Thursday, June 20, 2013

Little to win, but nothing to lose

Ok, I'll admit it, I have a problem: I really like making jam. In the two weeks since fresh fruit has started to become available, I've made 29 (half pint) jars of it. To be fair, a big part of this is my ongoing quest to find a strawberry jam that I really like. Strawberries are my favorite berry. As a kid, strawberry jam was always my favorite, but now I find it too sweet for my adult tastes. After a couple years of strawberry balsamic, I've decided to branch out and try some other options. So, this year we have three new varieties to try. First up, as I mentioned previously, was this. I followed the recipe pretty exactly, estimating with the mint leaves (and erring on the high side, as I saw recommended in another review I read), since those on our plant were pretty small and using regular granulated sugar. It's easily the prettiest of the three, bright red with beautiful whole berries suspended on the top. The jury's still out on the taste. I think I went a little heavy on the mint, but we haven't opened any of the jars that were processed yet. It looks as though it will be pretty runny too, should have done a test rather than relying on the somewhat vague instructions.

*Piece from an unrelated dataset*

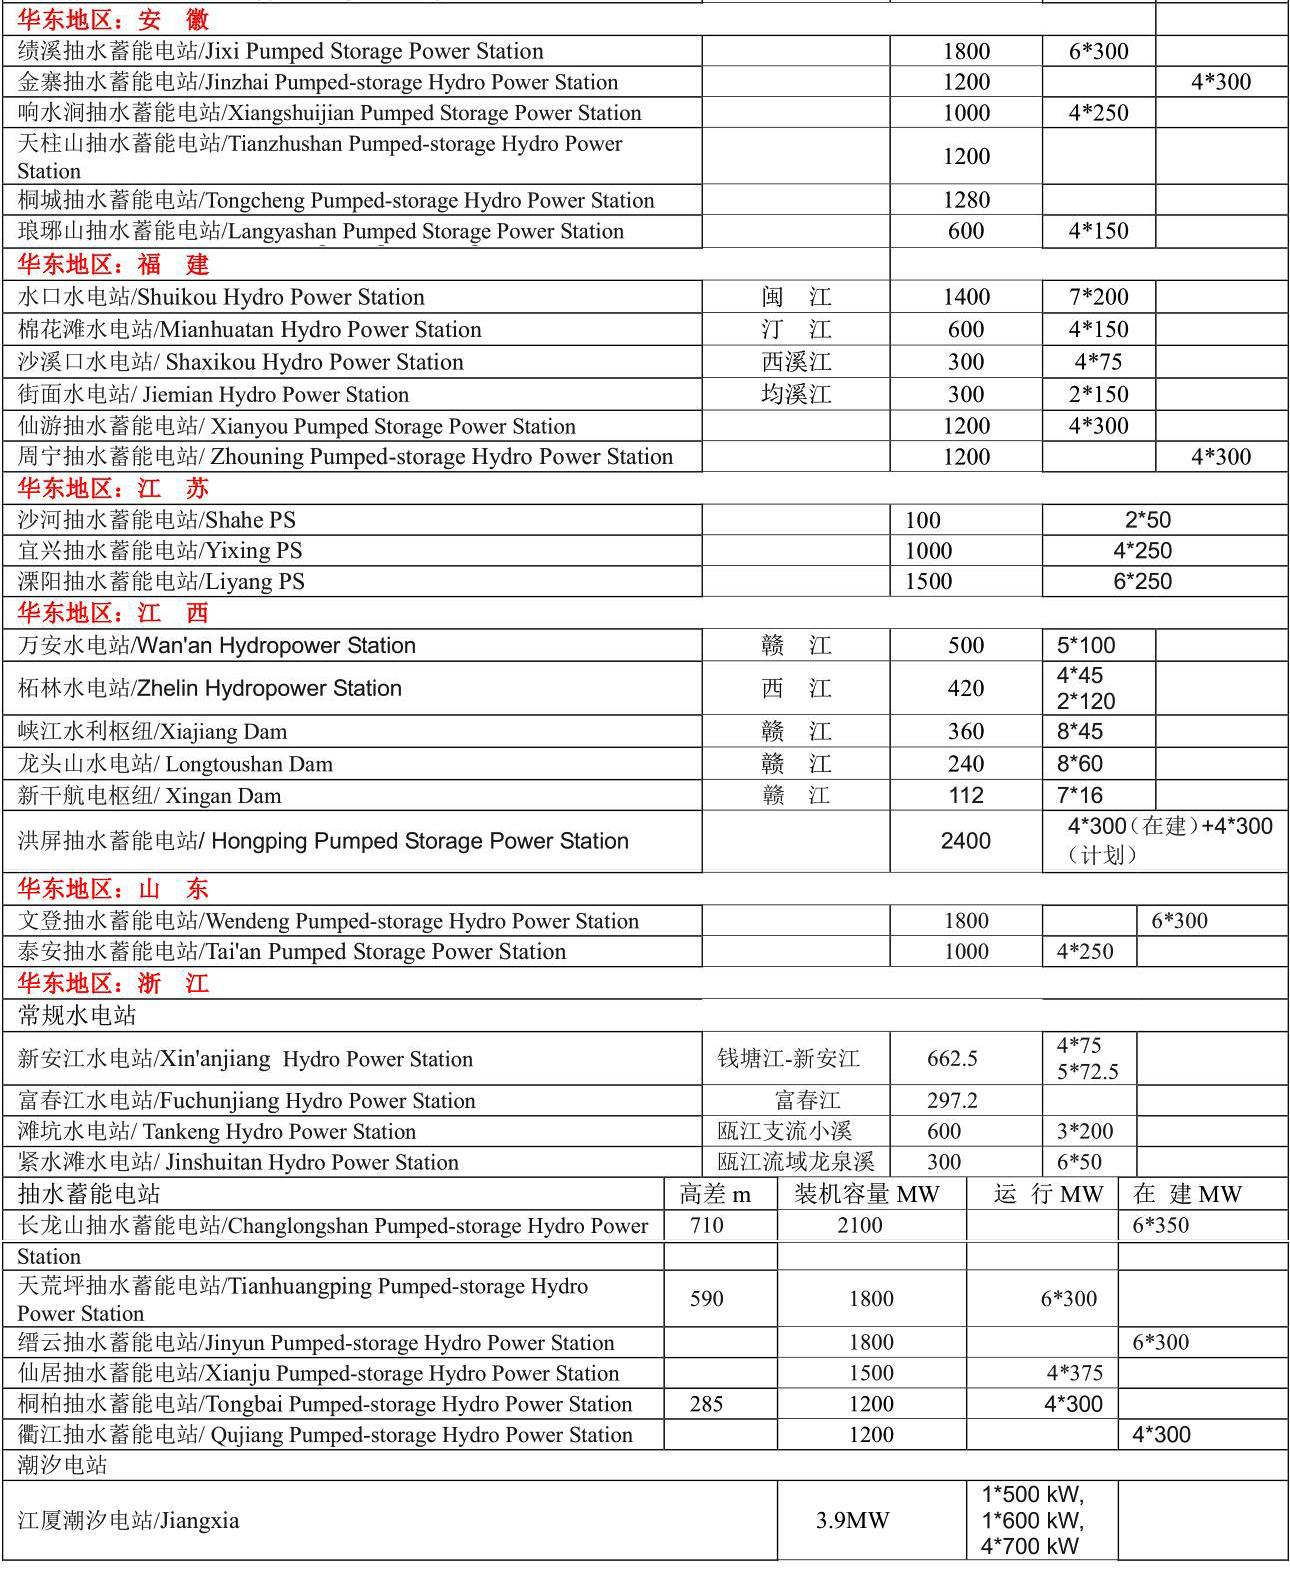 2021年中国水力发电报告
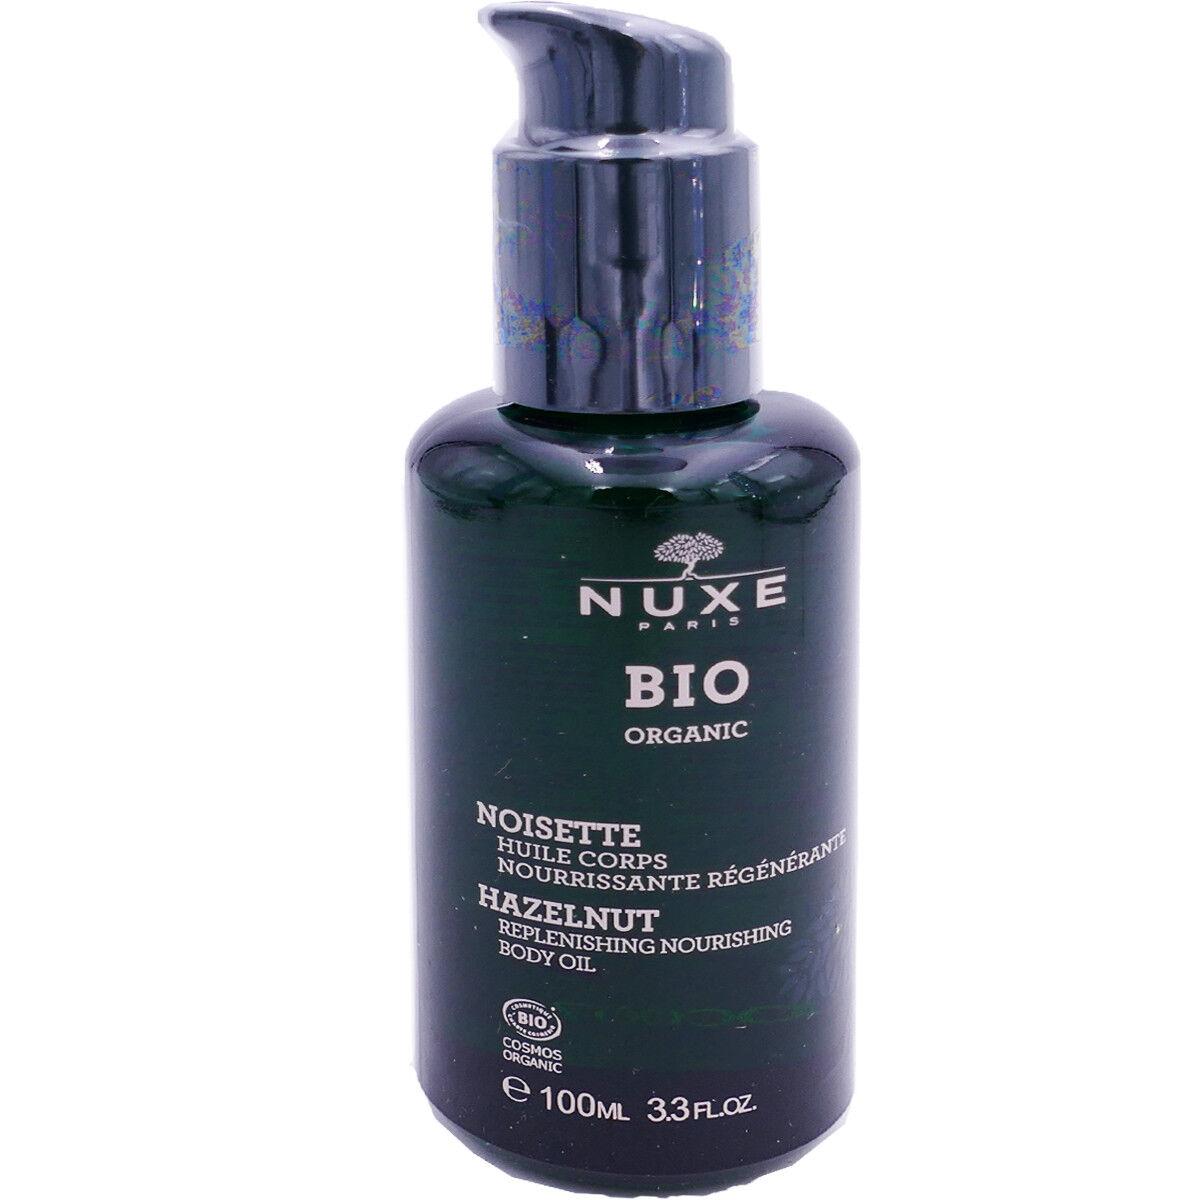 Nuxe bio noisette huile corps 100 ml

Next up was this guy. I was really excited about this one, getting some additional tartness from the rhubarb and making something I didn't have to carefully watch over and stir on the stove. I doubled the recipe and cooked it on high in the crockpot, with the top slightly ajar, for about 18 hours. I really like the flavor of the leftovers that I tried, but the texture is a little gummy. For one, I forgot to mash the strawberries and for two, I think the cook time was a little too long. I'll definitely give it a try again next year, with those two changes in mind.



Last was this one (the amounts have been adapted a bit here, look in the book for her original measurements). I've loved all of the recipes that I've tried from her book, and this is no exception. It may be the sweetest of the three, but the Drambuie gives it such a complex and interesting flavor, that it may be the winner. A winter's eating (and sharing with friends and family) should help with our decision making.



At any rate, that's why we  now have 20 jars of strawberry jam, as well as 9 of apricot (which is possibly the best jam that I've made yet - it's the Royal Blenheim recipe, made with whatever variety I happened upon at the fruit stand, from The Blue Chair Jam Cookbook and definitely a winner). Jam season has only barely started - we still have blueberries, blackberries, raspberries, peaches, and pears to consider. Three people eating toast for breakfast every morning (which is typical for us) only consume about one jar a week, so it looks like we'll  need to be gifting some jams and preserves this year. Nothing wrong with that.

Did I mention how awesome this is? Seriously good stuff.